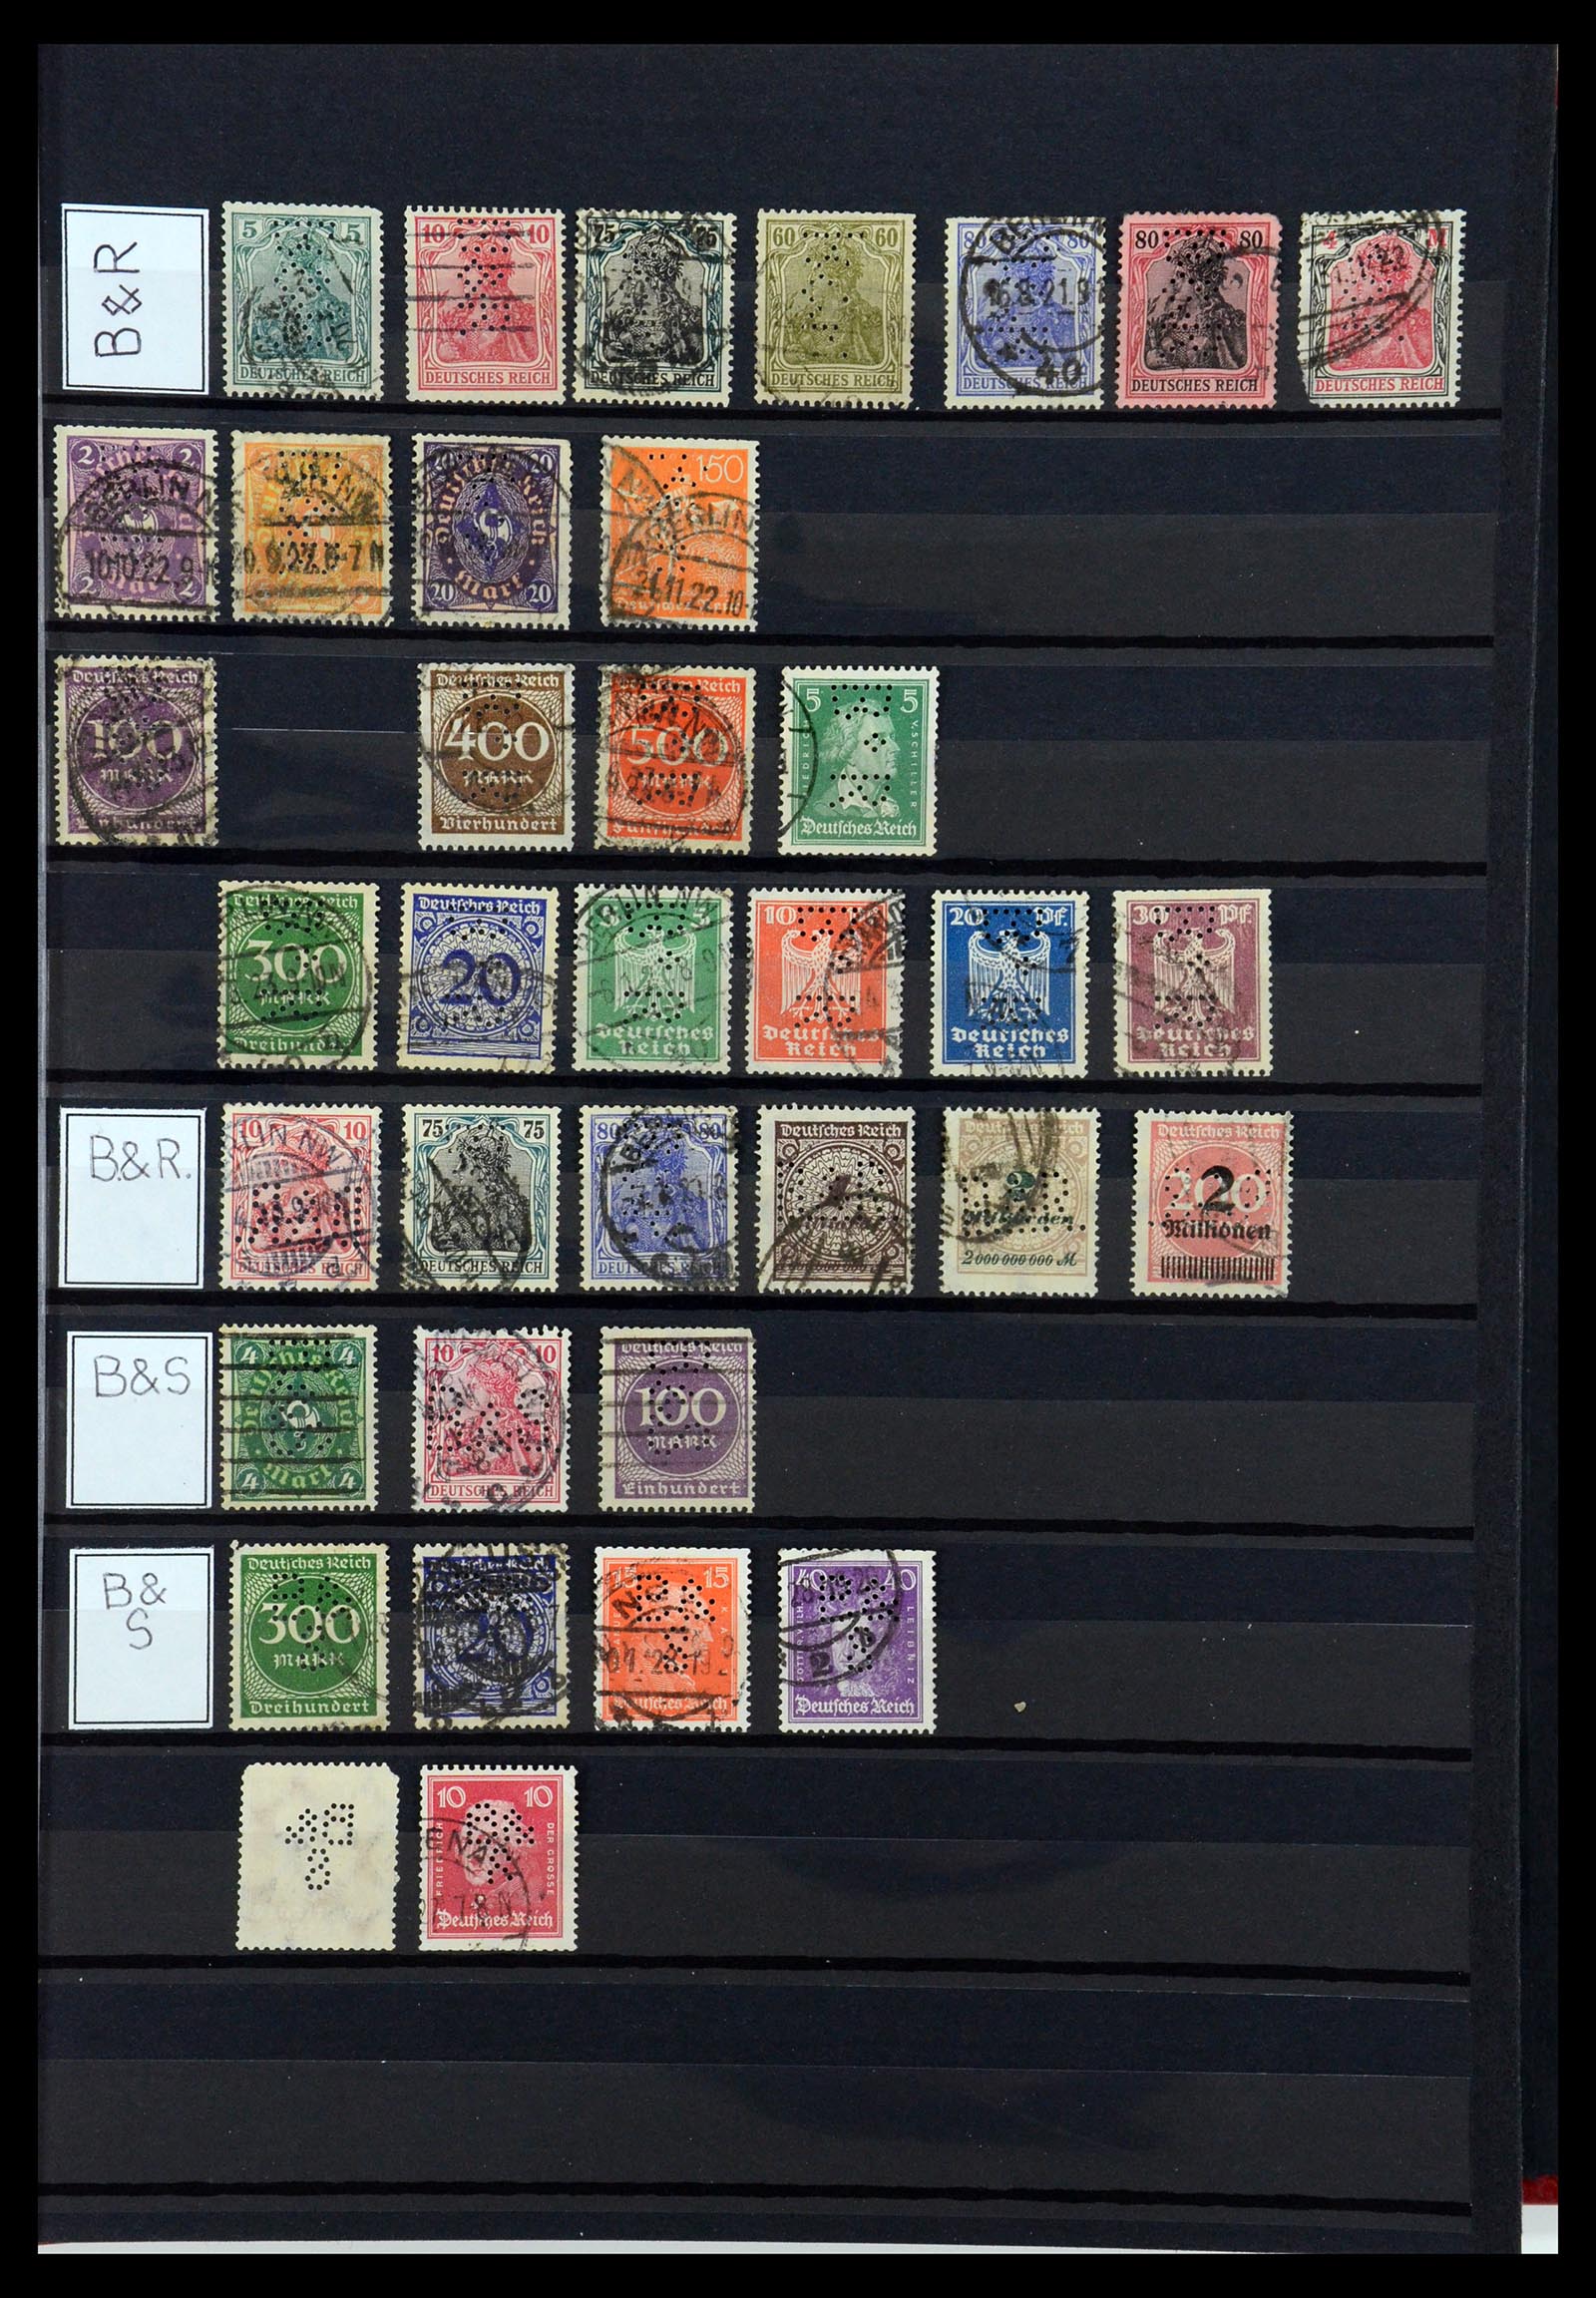 36405 053 - Stamp collection 36405 German Reich perfins 1880-1945.
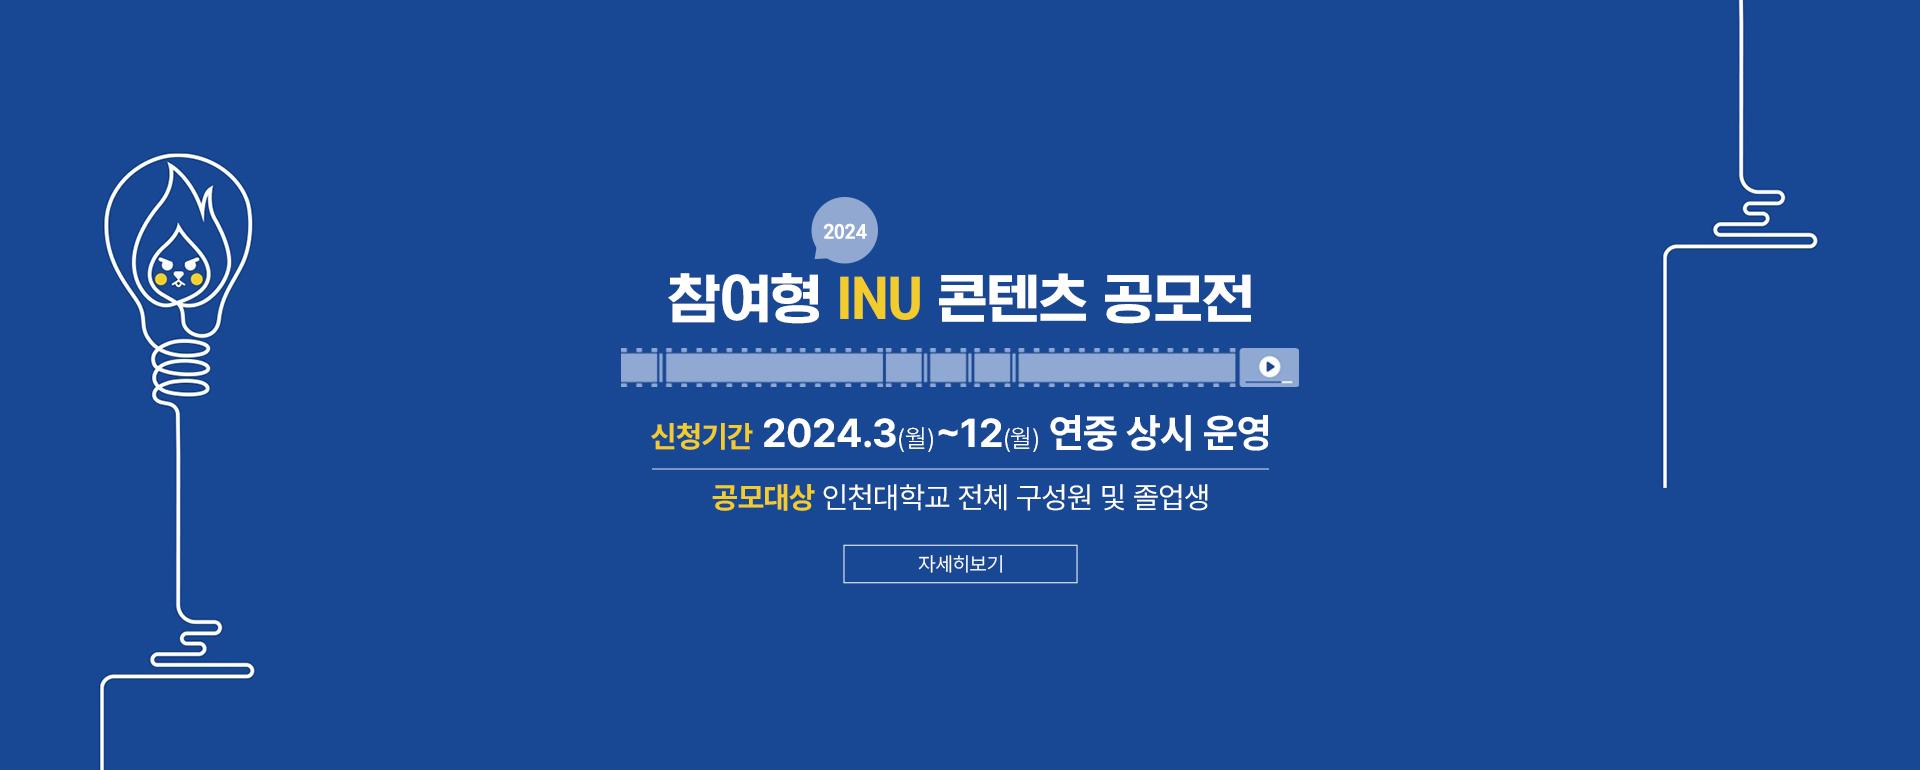 2024 참여형 INU 콘텐츠 공모전, 신청기간: 2024.3(월)~12(월) 연중 상시 운영, 공모대상: 인천대학교 전체 구성원 및 졸업생, 자세히보기
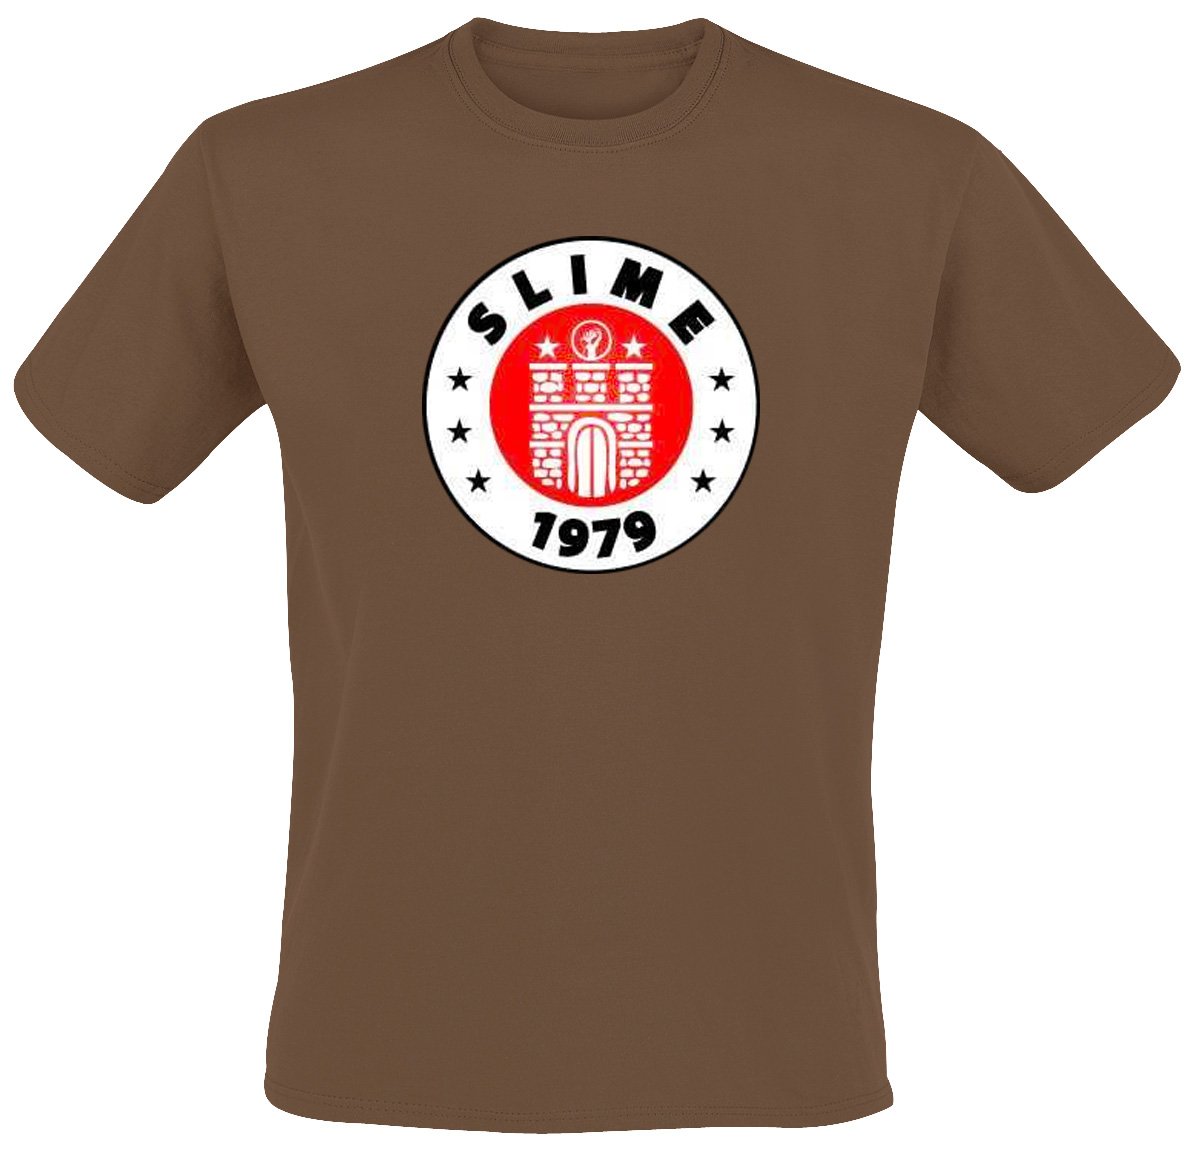 Slime - St. Pauli T-Shirt, braun, Grösse XL

=== Exercise prompt ===
None of the pictures belong in the copy; transcribe the rest of the data exactly.

=== Solution for this task ===
 36405 053 - Stamp collection 36405 German Reich perfins 1880-1945.
 2024 참여형 INU 콘텐츠 공모전, 신청기간: 2024.3(월)~12(월) 연중 상시 운영, 공모대상: 인천대학교 전체 구성원 및 졸업생, 자세히보기
 Slime - St. Pauli T-Shirt, braun, Grösse XL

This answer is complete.